It’s true, in searching for statistics about how much cement has been used in Shenzhen (I keep hoping some social statistically minded engineer will do the calculations), I stumbled across China’s cement web. One of the articles, relevant to aforesaid search, was the clinker production capacity of China’s ten largest cement producers in 2011.
As of Jan 1, 2012, China’s big cement ten are, in order: Hailuo (海螺水泥)、Southern (南方水泥)、China United (中联水泥)、China Resources (华润水泥)、Sinoma (中材集团)、Hebei East (冀东水泥) 、TCC (台泥水泥)、Sunnsy (山水集团)、Huaxin (华新水泥)、and Hongshi (红狮集团). Together they have the capacity to produce just under 581 million tons of clinker, annually. Just how much can be built with all that cement? Well, the Empire State Building weighs in at 370,000 tons. This means that ten Chinese cement factories produce the mass equivalent of 1,570 Empire State Buildings.
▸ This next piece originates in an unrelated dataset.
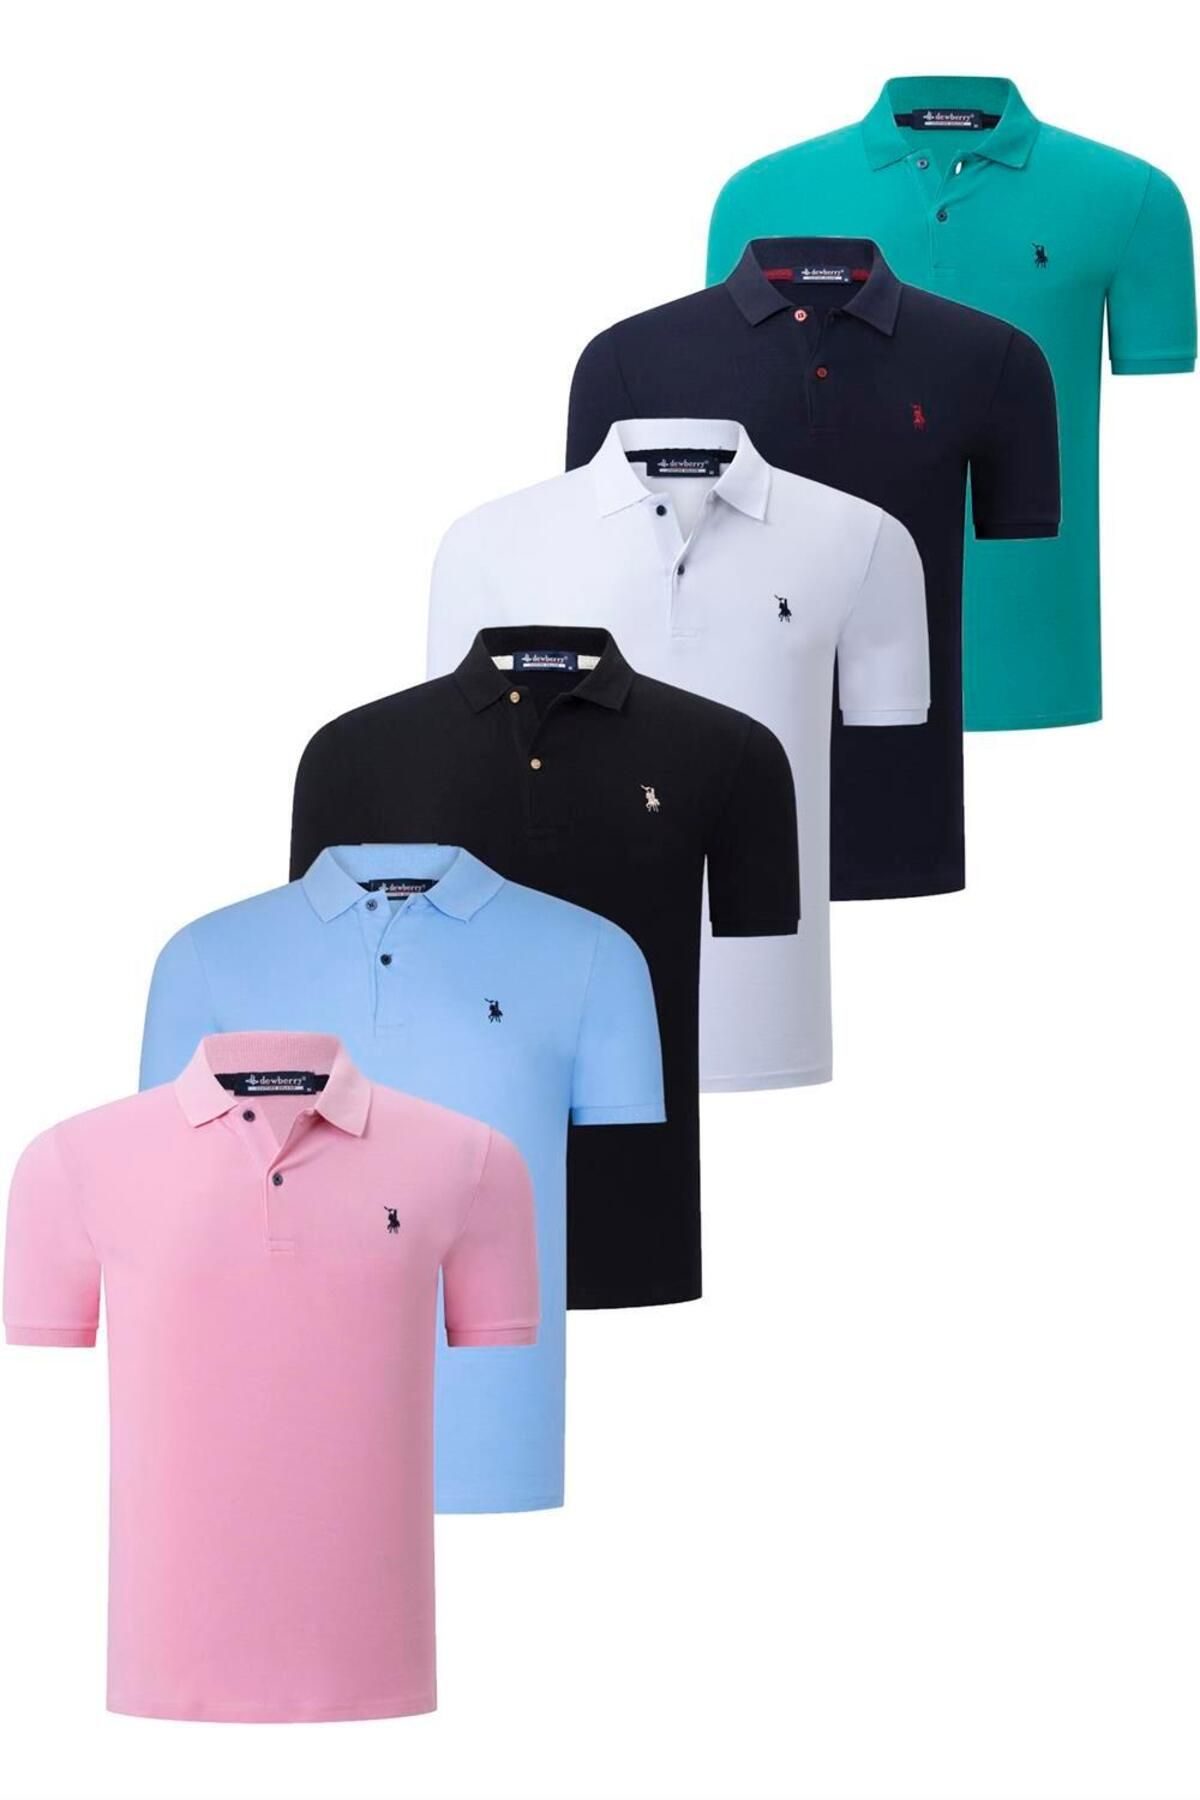 Dewberry ست شش عددی تی شرت مردانه T8561 Dewberry-مشکی-سفید-آبی تیره-صورتی-آبی روشن-سبز روشن

Admittedly, mine are all rough statistics. And yes, the Empire State Building is more than concrete. But. The Big Ten aren’t the only clinker producers in China. And. The cement producers are one part of large conglomerates. Some, like China Resources are active developers in Shenzhen. Perhaps it’s no surprise that CR is heavily invested in the SEZ’s urban village renovation projects (Dachong). Nevertheless, my point is simply to contextualize the scale and relative monopolization of wealth development and capital accumulation currently happening in the country.